ID

Administration 🟡 Intermediate
📖 4 min read

Definition

ID is an administrative capability in Salesforce that gives admins control over a specific aspect of org configuration. It is part of the toolkit administrators use to keep Salesforce aligned with organizational policies and processes.

Real-World Example

Consider a scenario where the system admin at BrightEdge Solutions is working with ID to control how users interact with Salesforce data and features. After configuring ID in the sandbox and validating it with key stakeholders, they roll it out to production. User adoption improves because the interface now matches how teams actually work.

Why ID Matters

Every record in Salesforce is assigned a unique identifier known as a Salesforce ID, which serves as the primary key for that record across the entire platform. Salesforce IDs come in two formats: a 15-character case-sensitive version and an 18-character case-insensitive version that includes a 3-character checksum suffix. The 18-character version exists specifically for use in external systems and tools like Excel that do not distinguish between uppercase and lowercase letters. Salesforce IDs encode important information including the key prefix (first 3 characters) that identifies the object type, the server instance identifier, and the unique record number.

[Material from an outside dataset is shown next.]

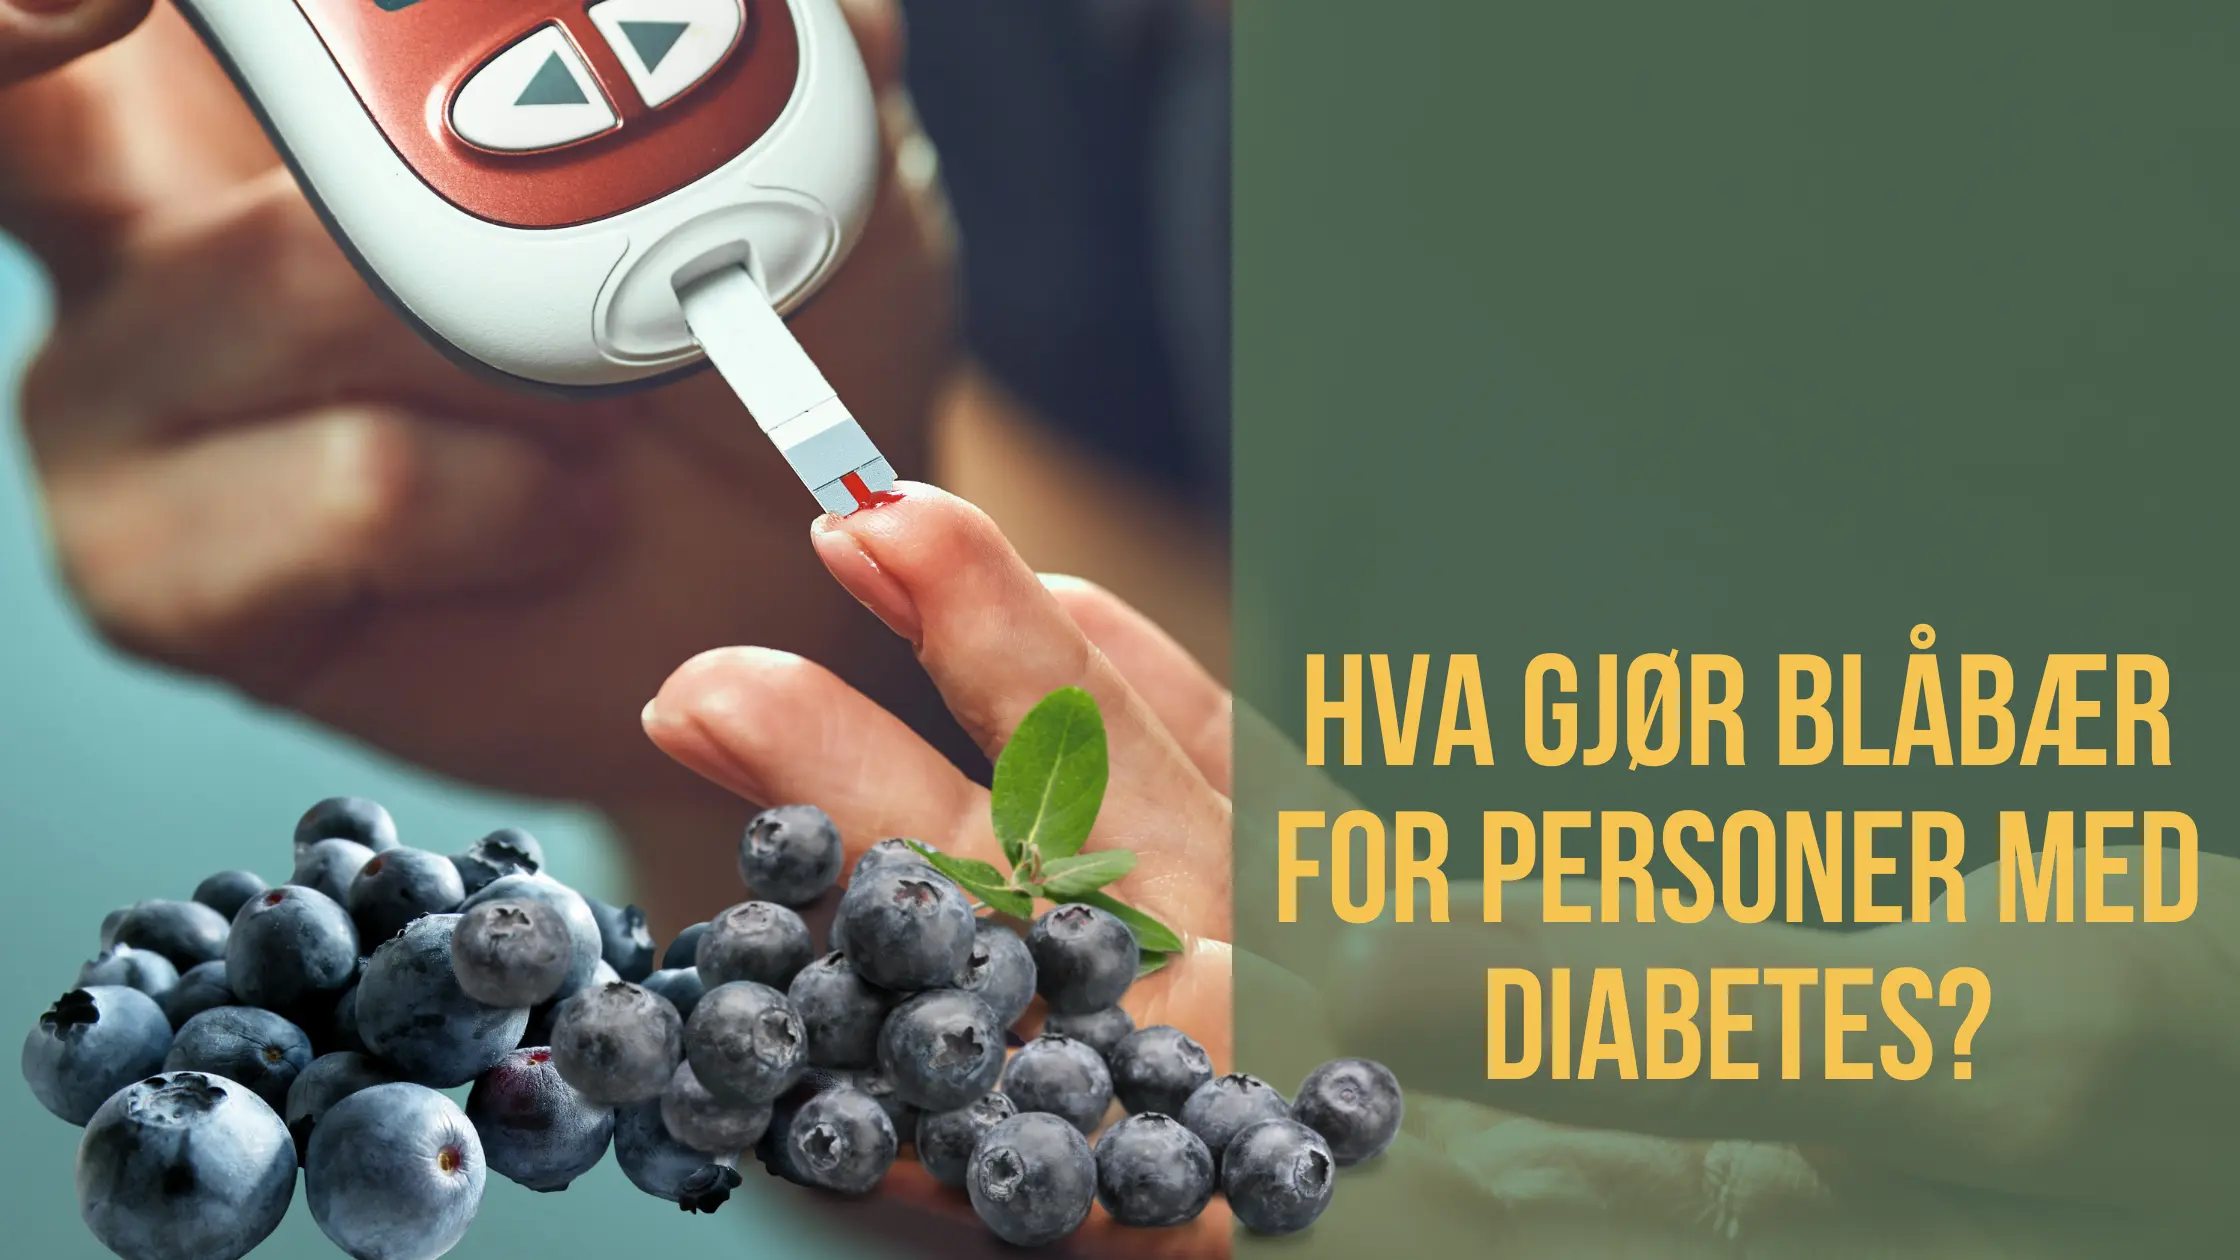 Hva gjør blåbær for personer med diabetes

Understanding ID structure is essential for developers writing SOQL queries, building integrations, and troubleshooting data issues.

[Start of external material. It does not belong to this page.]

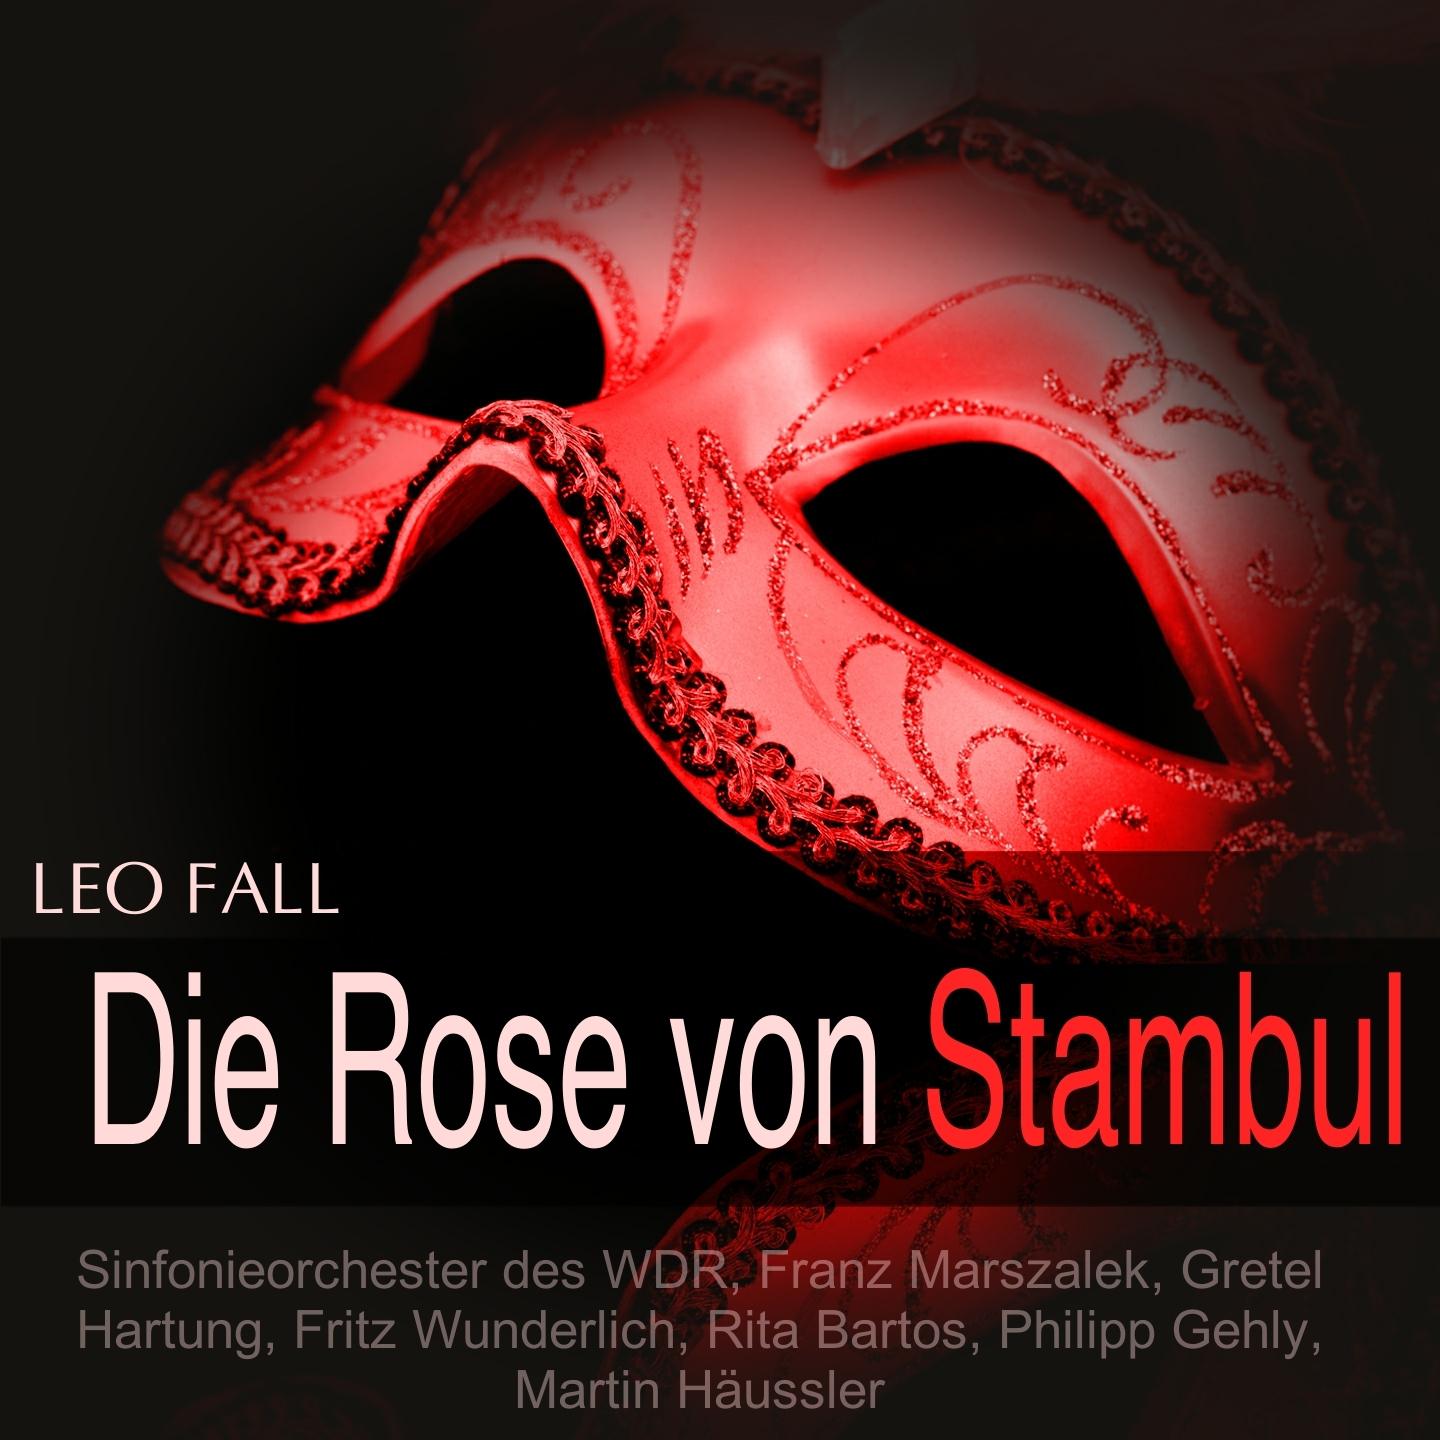 Die Rose von Stambul, Act III: "Schau Papchen" - "Opapa, mein lieber" (Midili, Fridolin, Gruber)

As organizations build integrations and perform data operations, proper handling of Salesforce IDs becomes critical. Mixing 15-character and 18-character IDs in integrations, data migrations, or VLOOKUP formulas is a common source of bugs that can cause data mismatches and failed lookups. Developers must also understand that IDs are globally unique across all Salesforce orgs, meaning the same ID will never exist in two different organizations. When importing data, using the Salesforce ID as the external key ensures exact record matching, but teams must be careful not to confuse IDs from sandbox environments with production IDs. A governance practice of always using 18-character IDs in external systems and documenting key prefix mappings helps prevent costly data integration errors.

How Organizations Use ID

  • DataSync Solutions — DataSync Solutions built an integration between Salesforce and their data warehouse that initially failed because the warehouse treated 15-character IDs as case-insensitive, causing collisions between records like 'a0B1C2D3E4F5g6H' and 'a0B1C2D3E4F5G6H'. Switching to 18-character IDs resolved the collisions and ensured accurate record matching across systems.
  • MergeRight Consulting — MergeRight Consulting uses the 3-character key prefix of Salesforce IDs to quickly identify object types during data audits. When a client reported orphaned records in their org, the consultant used the key prefix '006' to confirm they were Opportunity records and '001' for Account records, rapidly categorizing 50,000 mislinked records by object type.
  • CloudBridge Analytics — CloudBridge Analytics discovered that their ETL pipeline was creating duplicate records because it stored 15-character Salesforce IDs in a case-insensitive SQL Server database. They implemented a conversion step that always uses the 18-character ID format before loading into the warehouse, eliminating the 2,000 duplicate records that had accumulated over 6 months.